Votre position personnelle, c’est-à-dire le message que vous voulez faire passer au moyen de votre
démonstration, constitue le fil directeur de votre devoir. Elle va donc orienter les intitulés dans un sens
ou un autre. L’exposé de votre réponse à la problématique doit être organisé en deux axes (très
exceptionnellement trois), en d’autres termes structuré autour d’un plan, mais aussi justifié et illustré.
En droit, encore plus que dans d’autres disciplines, vos affirmations n’ont de valeur que si elles
reposent sur des éléments objectifs. Affirmer sans justifier revient à ne rien dire.

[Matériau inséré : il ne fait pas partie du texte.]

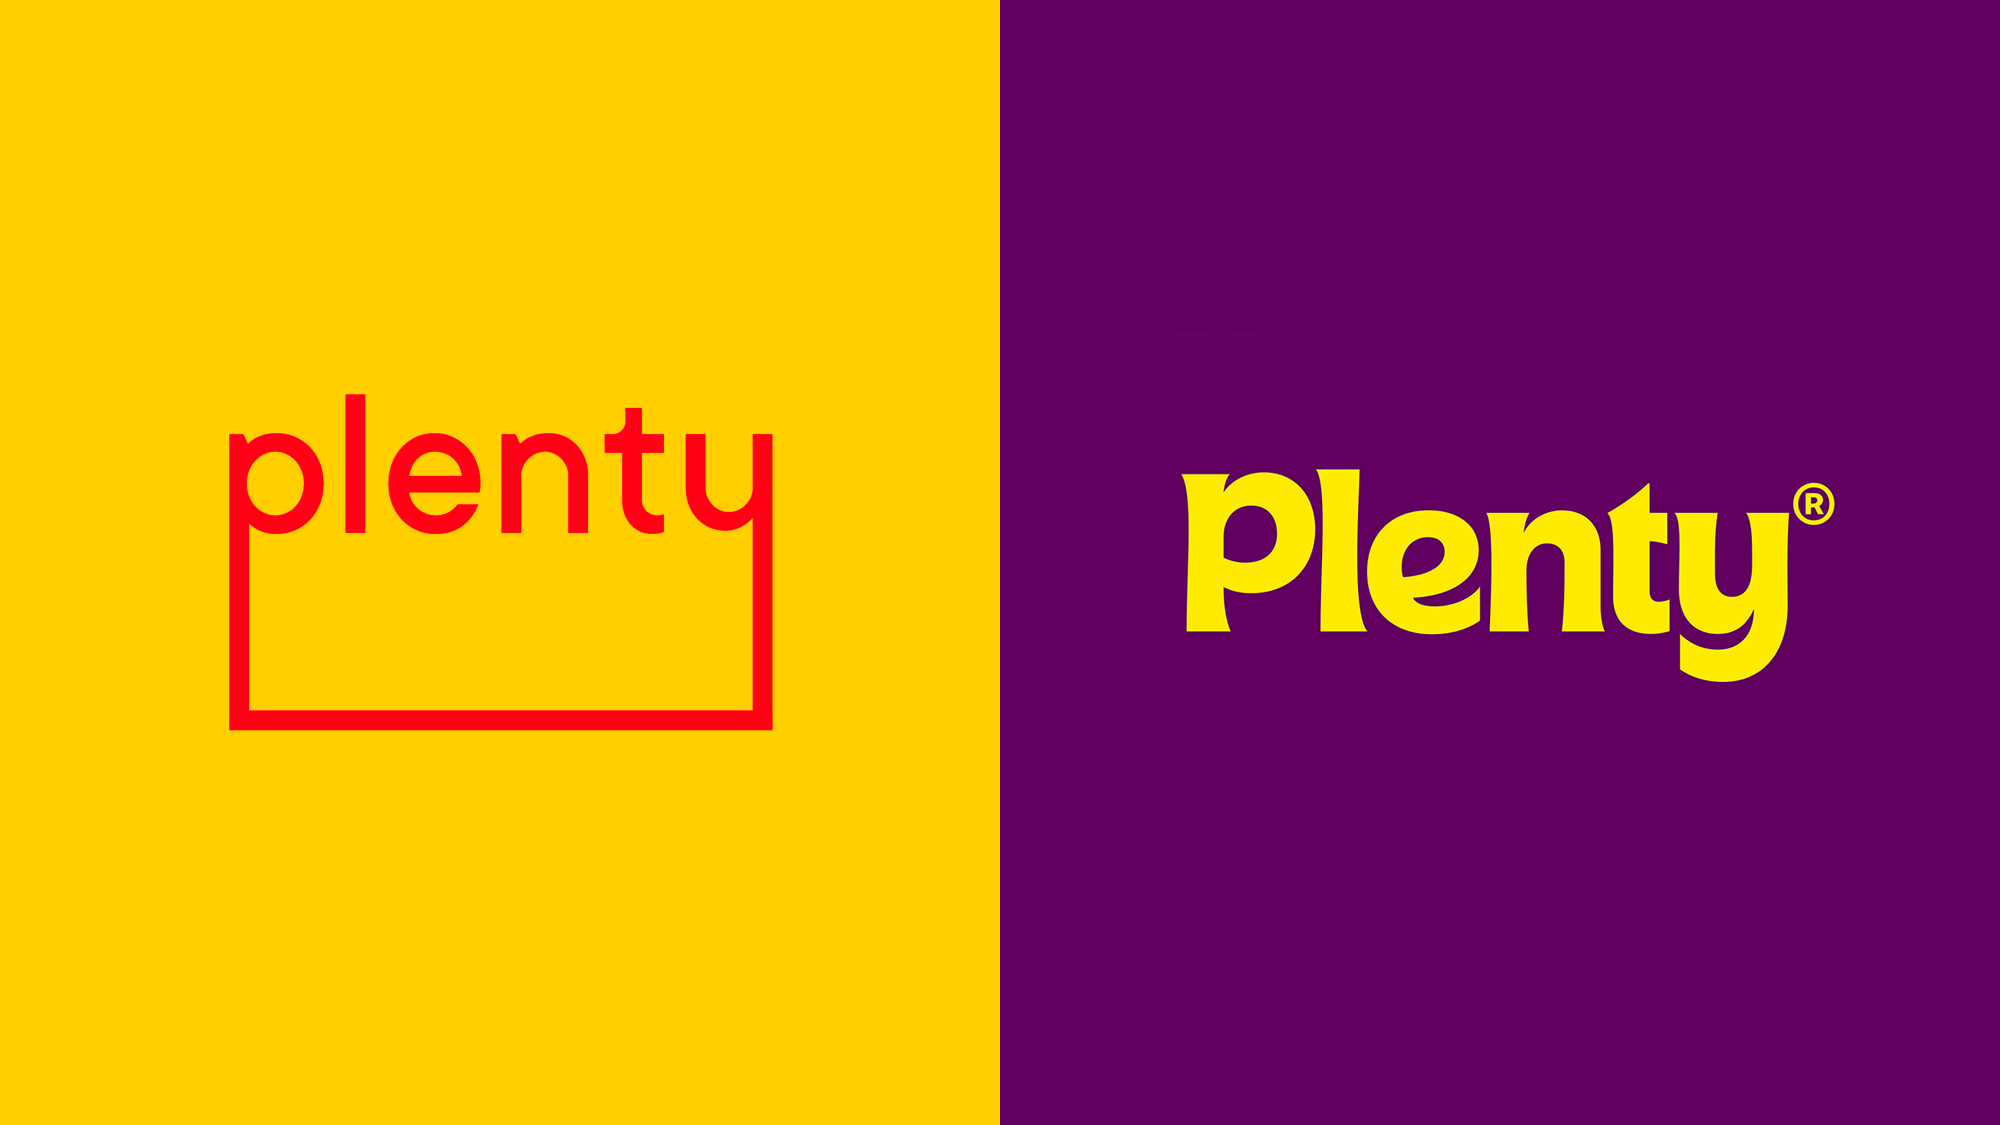 Brand New: New Logo and Identity for Plenty by &Walsh
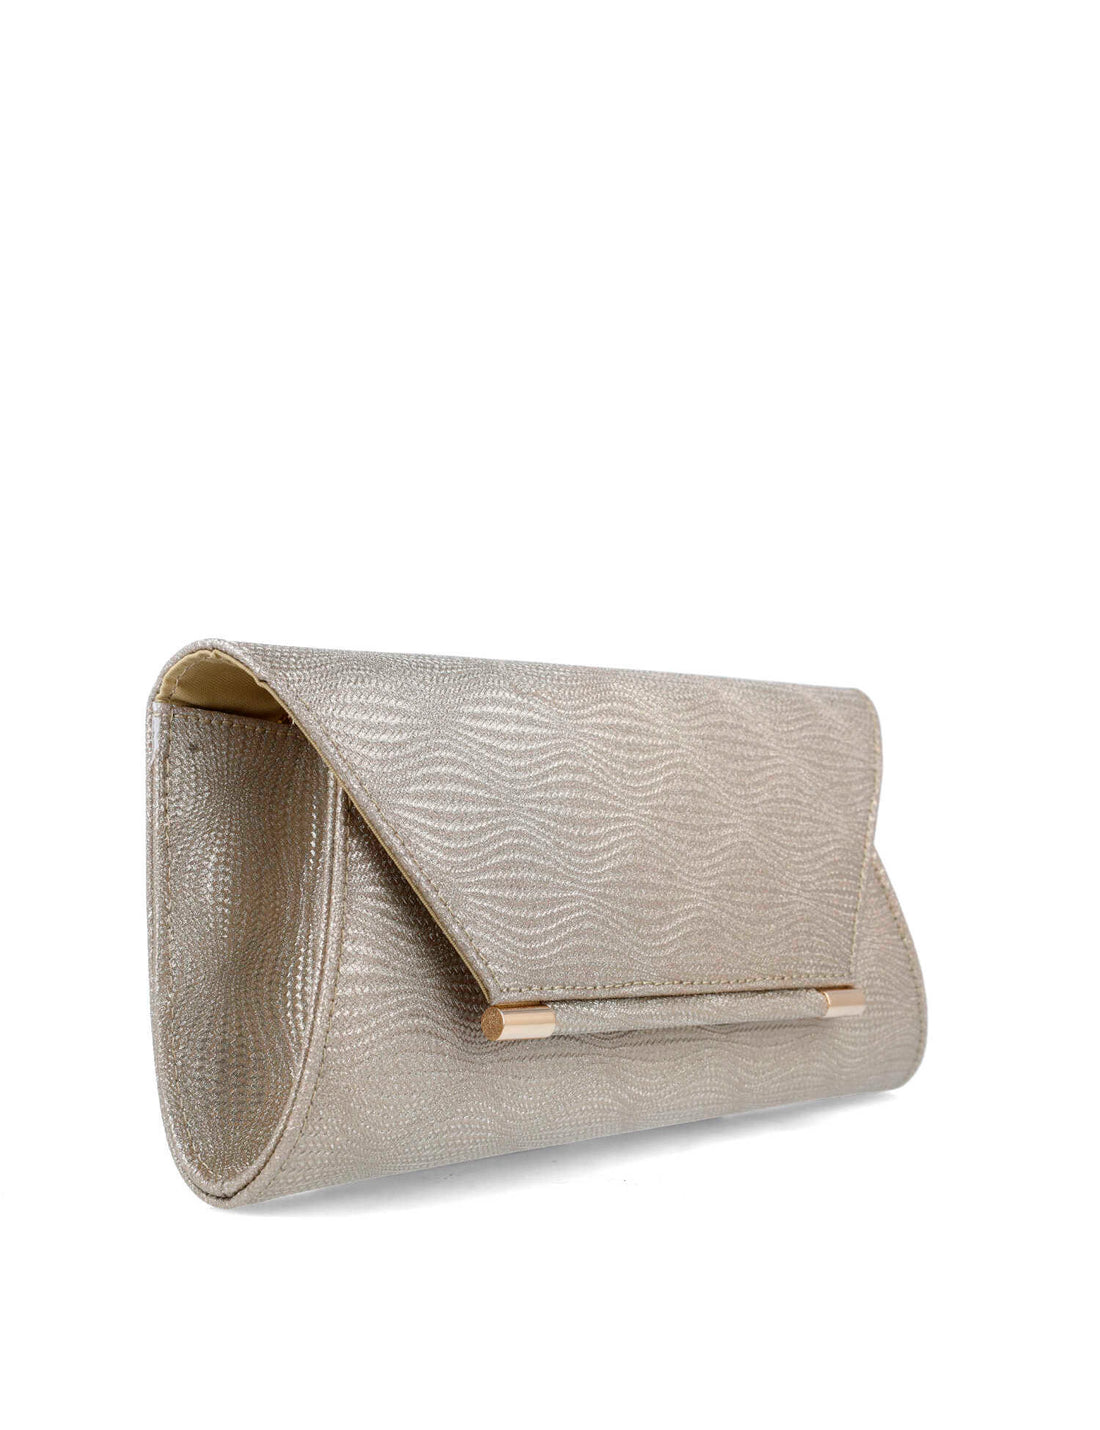 Beige Clutch With Gold Hardware_85642_00_02

Afin de trouver les différents éléments qui servent de support à votre démonstration, reprenez les
points dégagés lors de l’analyse du sujet. Puis remémorez-vous votre cours, vos TD et vos lectures en
notant toutes les données qui se rapportent directement où indirectement au sujet. Procédez à des
associations d’idées.
II- La construction
La dissertation juridique comprend :
Une introduction,
Un plan (avec des développements bien sûr) en deux parties, elles-mêmes subdivisées en deux
sous-parties.
En revanche, ne vous donnez même pas la peine de pensez à la conclusion, car au premier cycle on
préfère l’occulter. Il n’y a pas de conclusion.
A. Les étapes de l’introduction
L’introduction est très certainement la partie la plus importante de la dissertation. Pour les chasseurs
de points, sachez qu’elle permet de récupérer un nombre conséquent de points lorsqu’elle est bien
construite. L’introduction ne doit être ni trop longue, ni trop brève (elle doit représenter environ le
1/3 du devoir). Alors comment construire une bonne introduction ou en tout cas une introduction qui
puisse être satisfaisante.
L’introduction doit répondre aux trois grandes questions suivantes :
De quoi dois-je parler ?, Pourquoi dois-je parler de ce sujet ? Et comment vais-je parler du
sujet ?
De quoi dois-je parler ?
Il s’agit à ce stade de procéder à la présentation du sujet : l’étudiant doit amener et poser le sujet,
définir les termes du sujet et délimiter le sujet s’il y a lieu.
*1- Amener et poser le sujet
Amener le sujet
C’est la phrase d’accroche, encore appelée l’entrée en matière
Il s’agit de situer progressivement la question à traiter dans l’ensemble de la matière, en centrant
jusqu’à la cerner avec précision. C’est la méthode de l’entonnoir. Cependant, il faut éviter de
prendre la question de trop loin ou de trop haut, ce qui retarderait à l’excès l’étude du sujet lui-même
(par exemple il ne faut pas décrire toutes les sources de la règle de droit avant d’en arriver à la
jurisprudence ou encore, il ne faut pas exposer la règle de droit à propos de l’étude de la preuve des
droits subjectifs). Il faut essayer aussi de se distinguer en proposant parfois une accroche qui va dans
le sens du cours qui vous a été dispensé, mais qui provient d’une autre source. Vous prouverez en
outre que vous avez fait des recherches, donc fourni un travail qui donne une valeur ajoutée à votre
devoir. Citer le professeur de cours magistral ou le chargé de TD n’est pas conseillé.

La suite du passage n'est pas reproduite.